Socrates and Brazil’s World Cup of 1982

One of the most painful pieces of football viewing for me is that of the game Italy vs Brazil where the Italians won 3-2 through the implosion of Brazil’s defence.

Much has been made in old school footballing circles of whether that Brazilian team was the best team never to win a world cup (or whether it was the Netherlands in 1974 or Hungary in 1954). I’d like to think it was, but Perez’s performances in goal didn’t really inspire confidence (he got off to a shocking start against the Soviet Union – who were footballing powerhouses in that decade), their defence still leaked too many goals and Serginho was always going to struggle to replace Careca who got injured just before that tournament.
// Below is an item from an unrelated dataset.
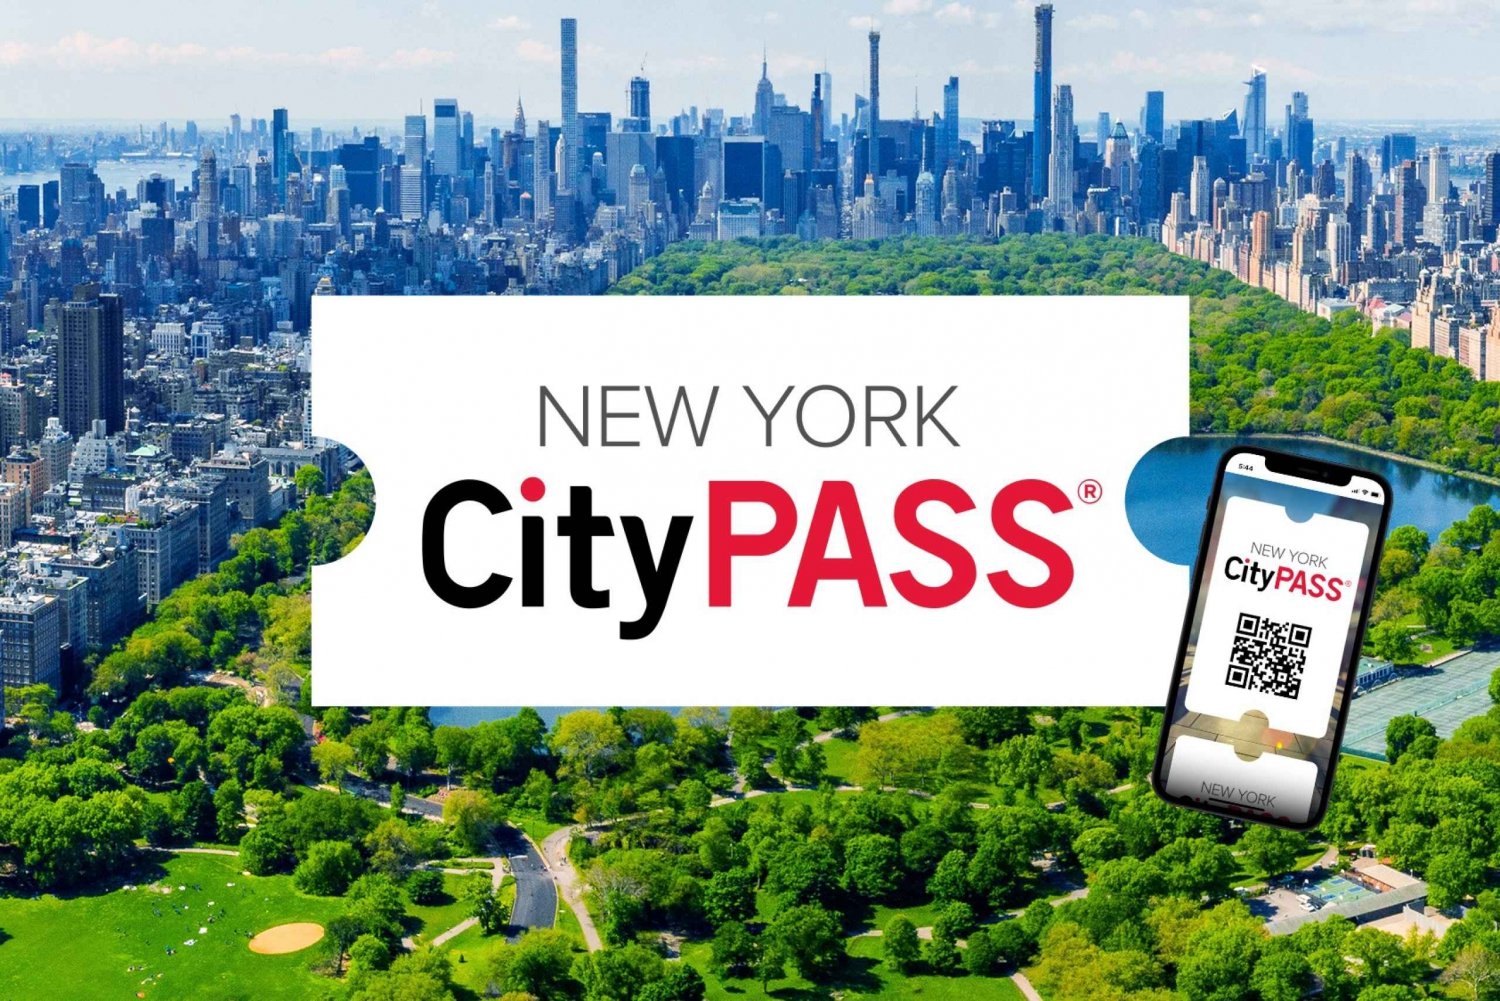 Nueva York: CityPASS® con entradas a 5 atracciones principales

The first time I heard of Careca was when he appeared in a football sticker album (“World Cup ’90”) alongside Romario. Even at that age, we knew Brazil were good and anyone wearing the number 10 shirt was worth keeping tabs on. And so it proved when Careca ran riot through a Swedish defence that never really turned up to that tournament. (I prefer the Brazilian commentary in these things). Like Sweden, the rest of the Brazil team also forgot to turn up to that tournament (that team only scored four goals in four games – their 1982 predecessors scored 15 in five – including four against a Scotland team containing Alan Hansen, Graeme Souness and Kenny Dalglish).

Socrates was the captain of that 1982 team – someone who achieved more in one lifetime than most of us will achieve in three. Medical doctor, Ph.D, captaining his country in a world cup (scoring against the Soviet Union and Italy in 1982, and against Spain in 1986) and human rights activist taking on a military dictatorship in his own back yard. (Brazil was a military dictatorship between 1964-85)

For the rest of us, becoming a doctor of medicine or of any other subject is a lifetime’s achievement. Playing in a world cup the same – and that’s not mentioning being captain and scoring against three of the top teams of their day. And how many of us would have the courage to set up a campaign against a military dictatorship in their own country? We are lucky in the UK never to have had to make that call. Look at the England team’s performance in recent world cups – and who has scored how many goals. How many of the international superstars of the premiership speak out on human rights abuses? Where have football’s great minds gone?

I’ve not even mentioned Zico – who scored two memorable goals against Scotland and New Zealand, but who, with the exception of setting up Socrates for his first goal, was marked out of the game against Italy by Snr Gentile – who did the same against a certain Diego Maradona a few days earlier.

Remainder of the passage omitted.